I did decrease the cloves a bit when I made this batch, since our family prefers a little less of that very strong spice. One more nice thing about making your own–you can adjust the spices to match your own preferences!

Apple Butter Bread
1/3 cup canola oil
1 cup brown sugar
1 egg
3/4 cup water
1 T lemon juice
1/2 c nonfat dried milk powder
2 tsp baking soda
1 cups all-purpose flour
1 c whole wheat flour
1 tsp ground cinnamon
1 tsp ground nutmeg
1 tsp ground allspice
1 cup apple butter
3/4 cup chopped walnuts
1/2 c dried cranberries
1.  Put the cranberries in the water and microwave about 1 to 2 minutes. Set aside to cool.

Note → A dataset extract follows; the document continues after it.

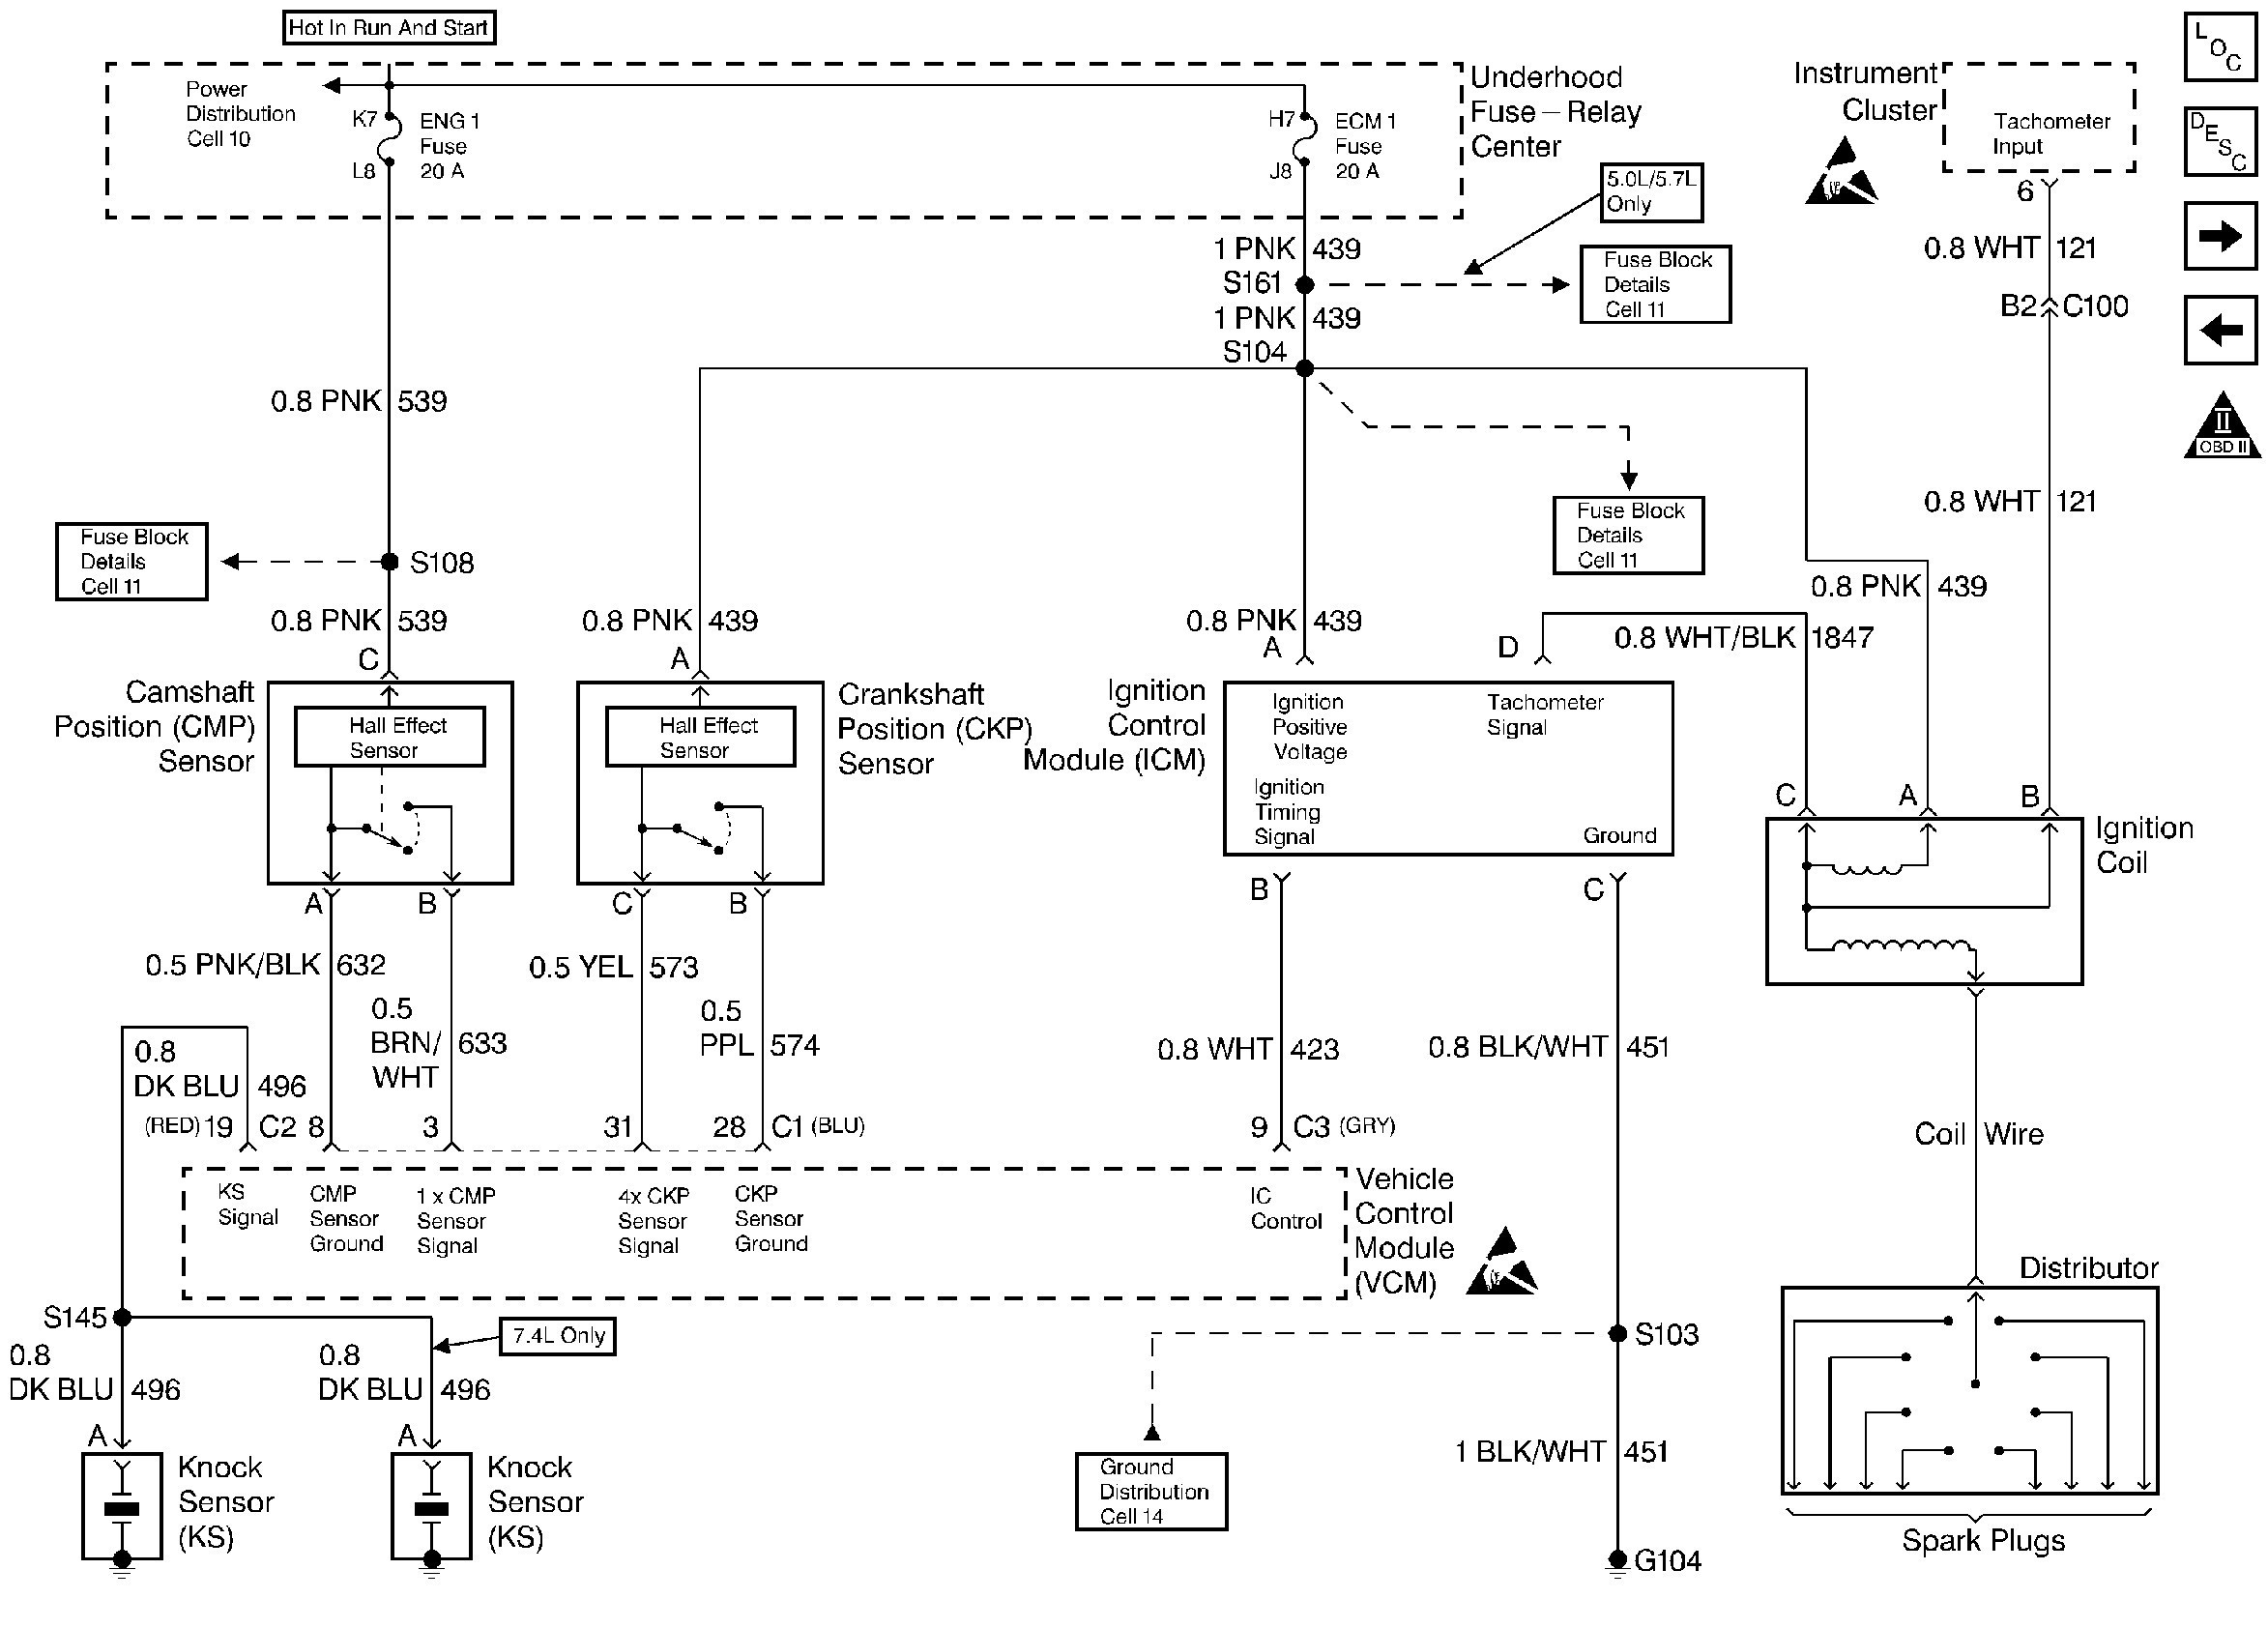 5 8 Liter Engine Diagram Car Wiring Diagrams Explained \u2022 3.1 Liter Chevy  Engine 3 1 Liter Engine Diagram

2.  Combine oil, brown sugar, egg, lemon juice, apple butter, and dried milk powder. 
3.  Sift together dried ingredients.
4.  Alternately add the flour mixture and cooled cranberries and water to the egg and oil mixture. Stir just to blend. Fold in the nuts.
5.  Pour the batter into two well-greased 8 ½ X 4 ½  inch loaf pans. This might be a good time to use a baking spray like Pam, to be sure that the breads will not stick to the pans when done–an all too common problem with some of this rich breads!
6.  Bake at 350 degrees (325 if in a glass pan) for about 35 to 37 minutes. Allow to cool in the pans for 10 to 12 minutes before turning out on to a rack. If storing for more than a day, these are best kept tightly wrapped in the refrigerator.
If you do not have dried milk available, make the following changes:
Use 3/4 c skim or 2 % milk instead of water.
Do NOT heat the cranberries in the milk. Instead in step 4, add the milk alternately with the flour mixture. Then fold in the dried cranberries with the nuts. 

 (NOTE: Okay, so the recipe calls for using two 8 ½ X 4 ½  inch loaf pans, but you may have noticed the photo shows two differently shaped loaves. I only have one of these pans in my cupboard, so one of the loaves was baked in a 9 X 5 inch pan. It just makes a little broader slice, which may be your preference anyway!